Alexa Will Start Feeding You Answers from Real People

By: Nick Gambino

If you didn’t trust Alexa before, wait until you start receiving answers on your Echo from some random person on the internet who might actually know less than you. Amazon just announced that they’re opening up Alexa Answers to just about anyone after being in an invite-only beta since December.

Alexa, despite her over-confident manner and all-around snobbery, does not know everything. There are times when she’s helpful and coughs up info I honestly need, but then there are times when I can’t get her to answer a seemingly simple question that I know there’s an answer to. This is why Amazon has chosen to allow Alexa to retrieve answers from humans, you know, people who can actually think.

By crowd-sourcing answers, the online retail giant hopes to fill the gap left by an unthinking digital assistant. The only flaw in the new system is that people are stupid. I mean, not all people, but if social media and the internet has taught us anything it’s that a lot of people are having trouble connecting the dots upstairs.

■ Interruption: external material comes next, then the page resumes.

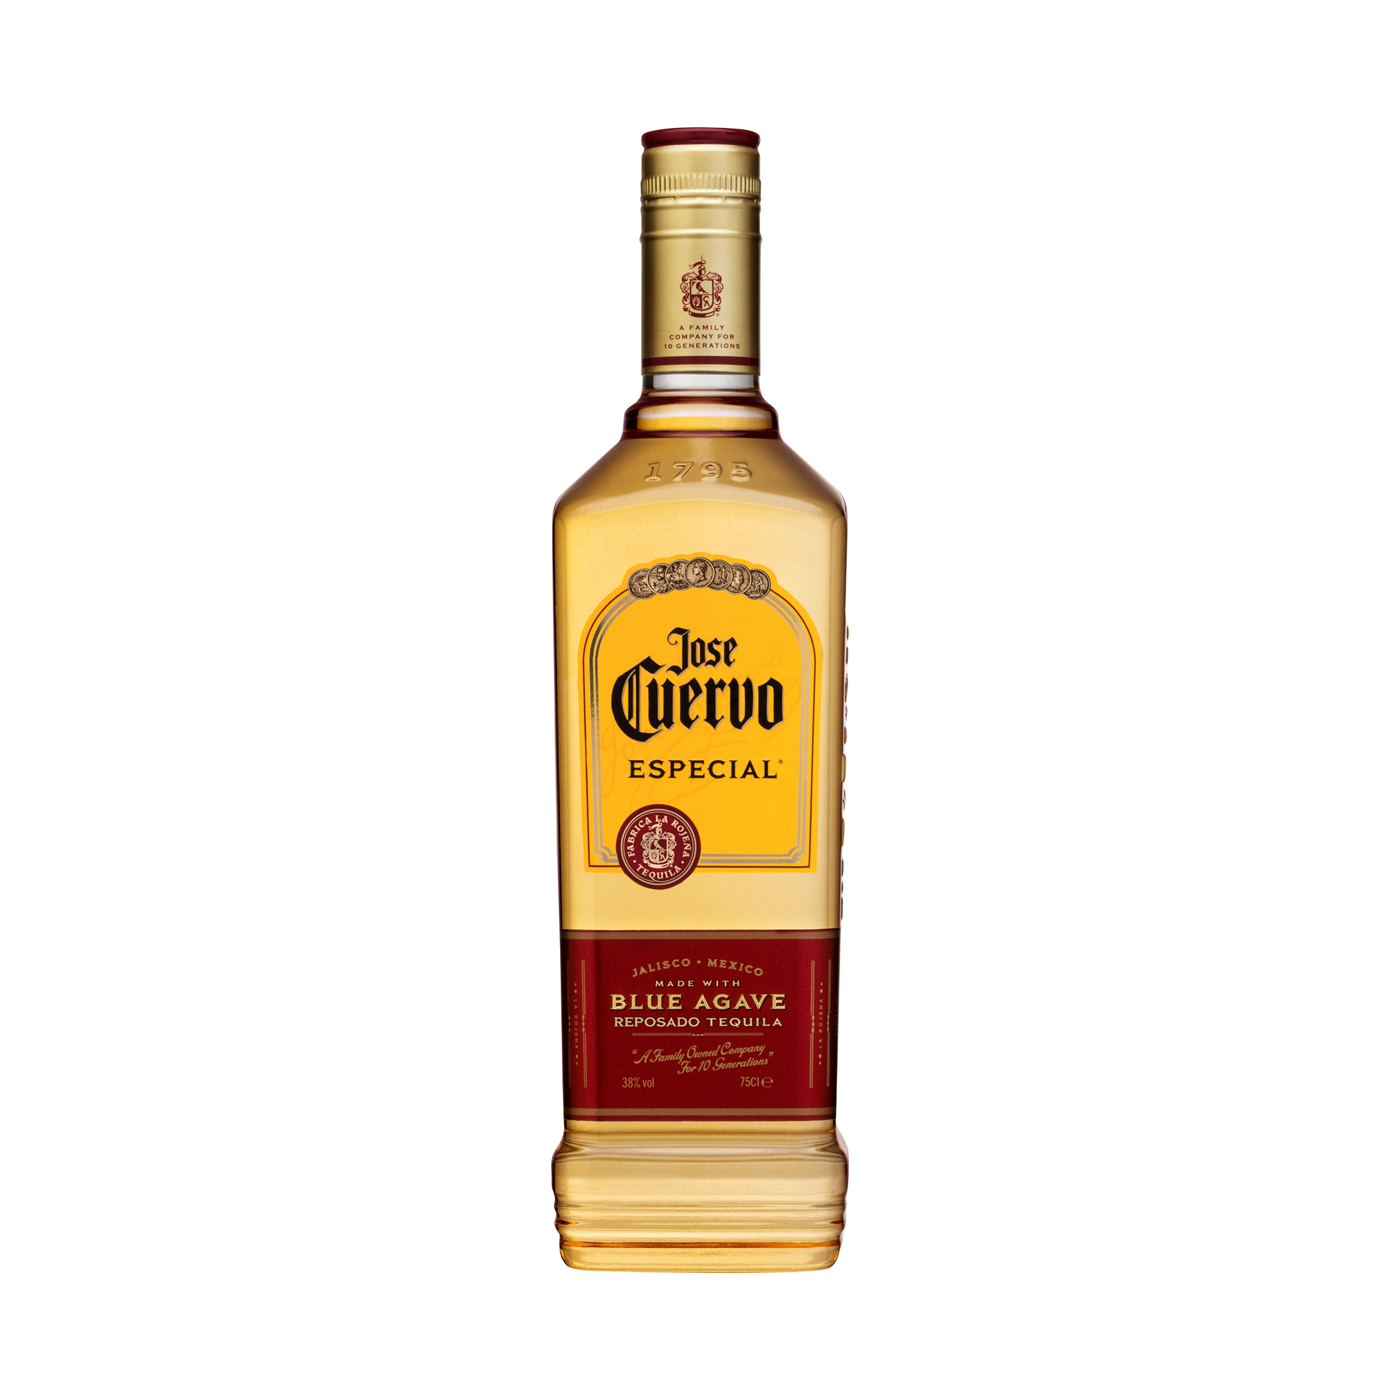 Jose Cuervo Tequila Especial Reposado Gold

It doesn’t seem like there’s much of a vetting process. Any person, and I mean literally any person, can upload their answers in areas that they’re interested in or hopefully have some expertise. Alexa will accept and then feed these answers to anyone who asks a question that relates. She tags the answer with “according to an Amazon customer” so you can decide whether you want to believe it or do some further research.

Those that share answers and information will receive their own dashboard complete with stats and ratings. When Alexa uses their answers, the person earns points. The system is very similar to Quora or other forums, only with the use of a voice-activated assistant.

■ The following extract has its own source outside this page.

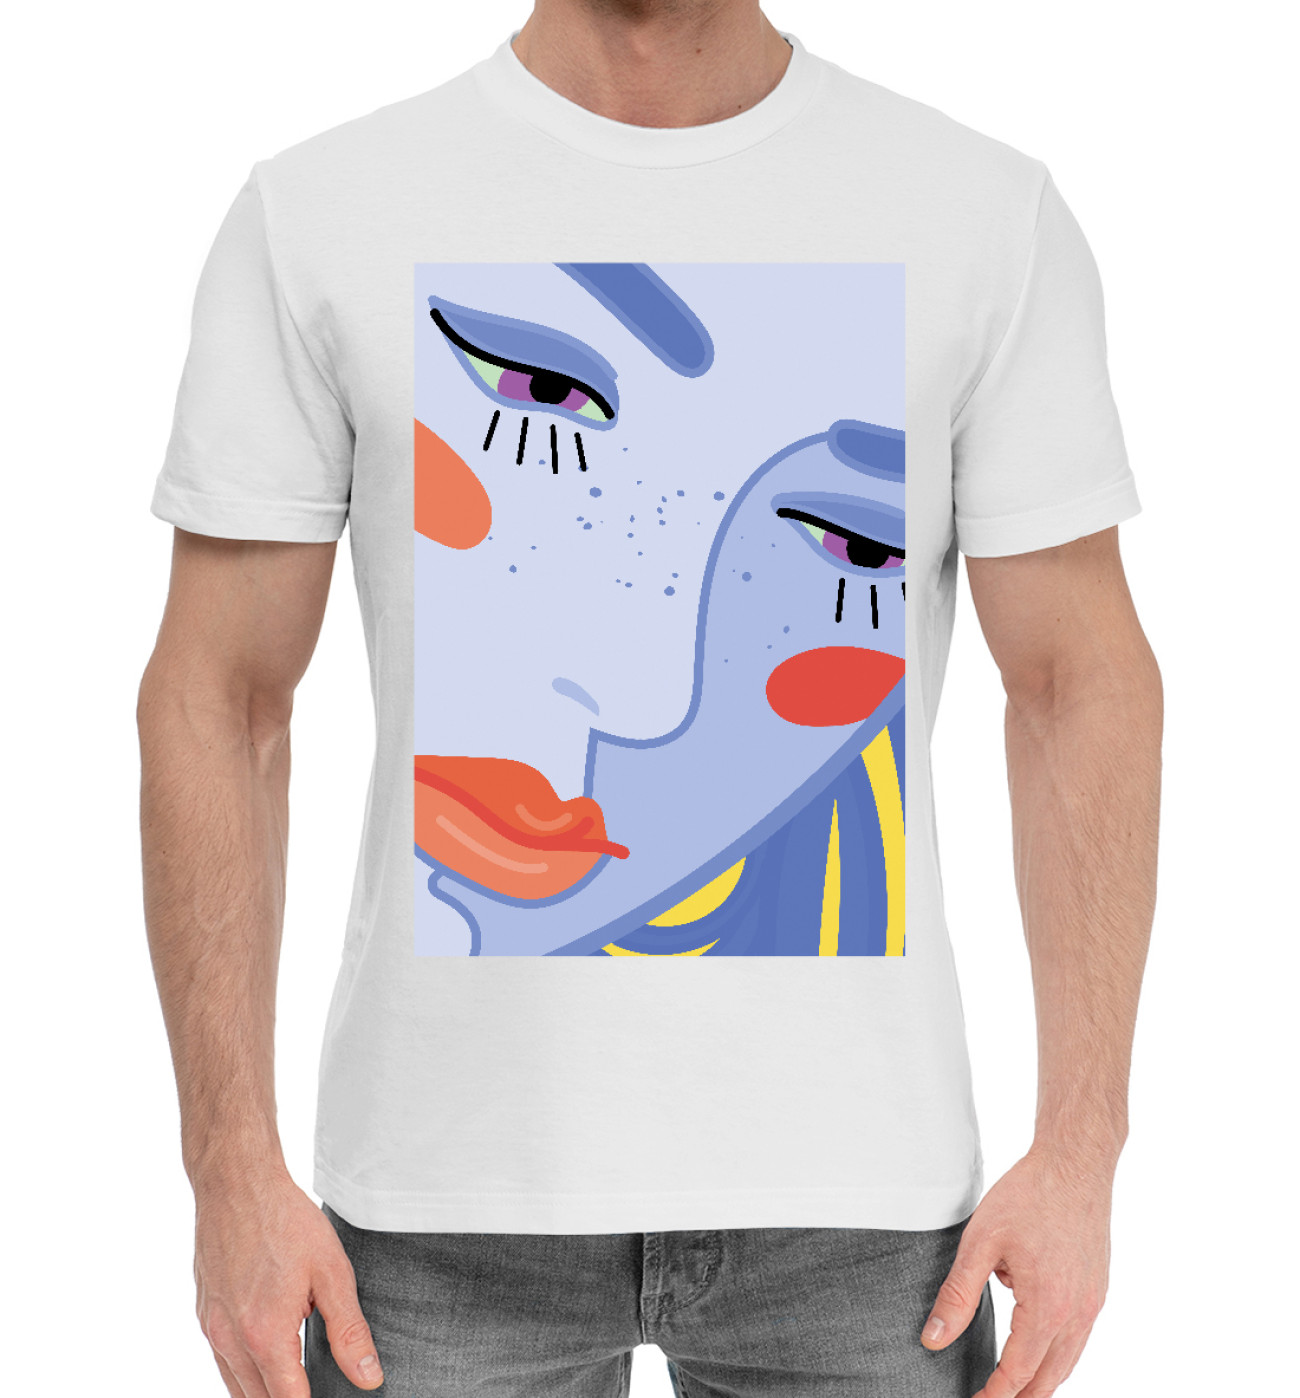 Мужская Хлопковая футболка Женский портрет в яркой цветовой гамме, артикул: DVU-788035-hfu-2

While it doesn’t seem like there’s any human curation system in place to weed out troll answers, people can give these responses a thumbs up or thumbs down and a star rating, letting Alexa know whether it was useful or not. They can also flag answers deemed vulgar or incorrect.

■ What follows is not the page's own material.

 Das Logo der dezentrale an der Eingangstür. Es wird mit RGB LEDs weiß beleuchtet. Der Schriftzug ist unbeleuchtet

“If more than one response to the same question is provided on Alexa Answers, Alexa will rotate between each of the answers until she has enough information to know which answer is the most useful,” the Alexa Answers FAQs states. “Answers with the most positive feedback will be used more frequently.”

I hope this system as it stands is enough to keep Alexa from being overrun by trolls. Bringing in a human element to her answers is a great idea, I’m just hoping the intelligent cream rises to the top.